Today the Supreme Court issued a decision, described below, of interest to the business community.

Cuomo v. Clearing House Association, L.L.C., No. 08-453 (previously discussed in the January 16, 2009 Docket Report)

In a 5-4 decision authored by Justice Scalia, the Supreme Court held today that the National Bank Act (“NBA”), 12 U.S.C. § 484(a), does not prohibit states from enforcing generally applicable state laws against national banks, but does prohibit states from issuing investigative subpoenas to such banks. 

The case arose out of the New York State Attorney General’s investigation of the home mortgage industry for violations of the state’s fair-lending laws.  After the Attorney General requested that certain banks share non-public information about their lending practices “in lieu of a subpoena,” the federal Office of the Comptroller of the Currency (“OCC”) and a banking trade group successfully sued to enjoin the information request.  The district court issued an injunction that prohibited the Attorney General from enforcing state fair-lending laws through demands for records or judicial proceedings.  The Second Circuit affirmed.  In its decision today, the Supreme Court affirmed in part and reversed in part.
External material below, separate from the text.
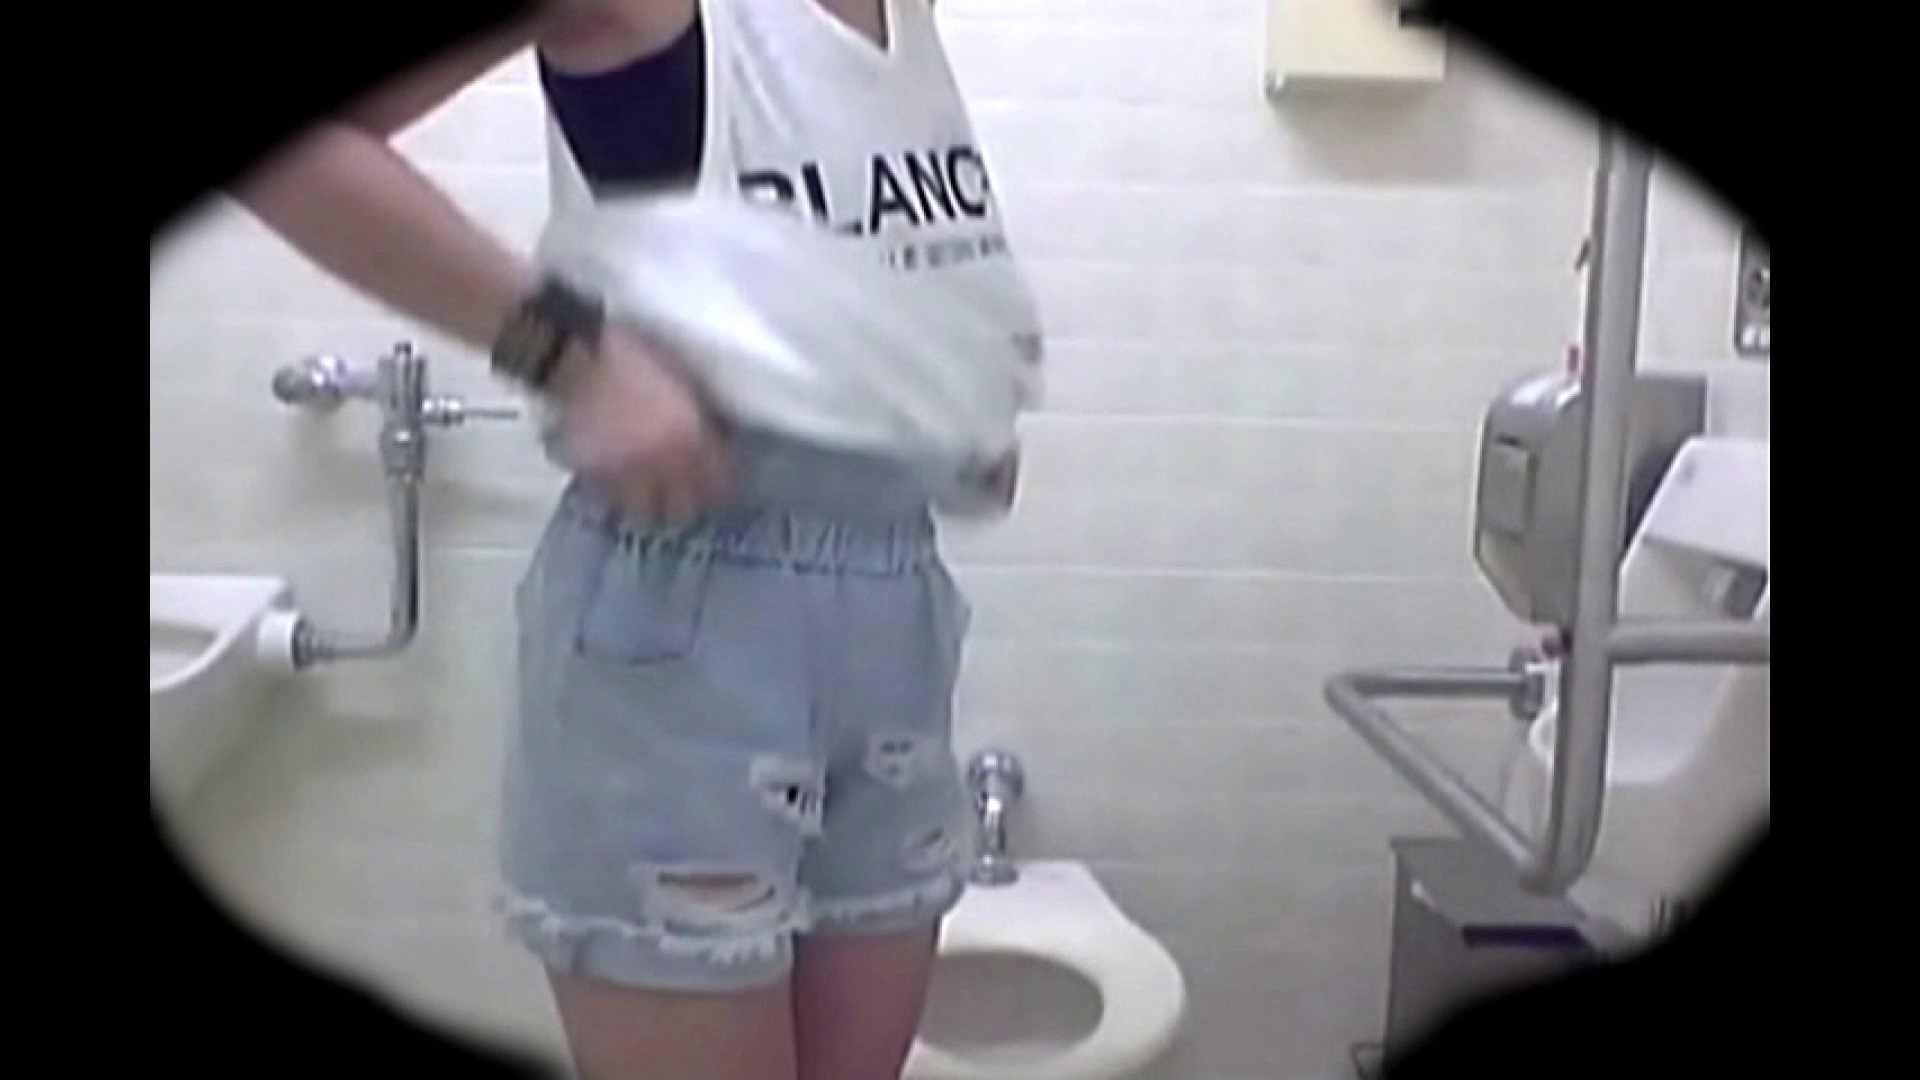 teen galトイレ覗き紙がナイ編‼vol.06 OLのエロ生活  82連発 80

Section 484(a) of the NBA provides that “[n]o national bank shall be subject to any visitorial powers except as authorized by Federal law.”  An OCC regulation interprets the term “visitorial powers” to include—and thus to have the effect of proscribing—state “enforcement actions.”  12 C.F.R. § 7.4000(a)(1).  The Court acknowledged that the term “visitorial powers” is ambiguous, and that the OCC’s interpretation is therefore due deference if it is reasonable.  But—relying on contemporary understanding of the term’s meaning at the time the NBA was adopted, subsequent judicial decisions, practical consequences, and otherwise inexplicable exceptions acknowledged by the OCC itself—the Court held that the OCC had unreasonably interpreted the term to reach state judicial enforcement actions.  At the same time, however, the Court concluded that OCC had reasonably interpreted the term to include, and thus proscribe, state administrative oversight actions.  Accordingly, distinguishing between “sovereign-as-supervisor” and “sovereign-as-law-enforcer,” the Court vacated the injunction to the extent it prohibited the state attorney general from suing to enforce the state’s fair-lending laws, but sustained the injunction to the extent it barred the state from issuing administrative subpoenas. 

Justice Thomas, joined by the Chief Justice and Justices Kennedy and Alito, dissented as to the partial vacatur.  The dissenters believed that the OCC’s regulation provided a reasonable interpretation of the ambiguous phrase “visitorial powers” and that it was therefore entitled to deference.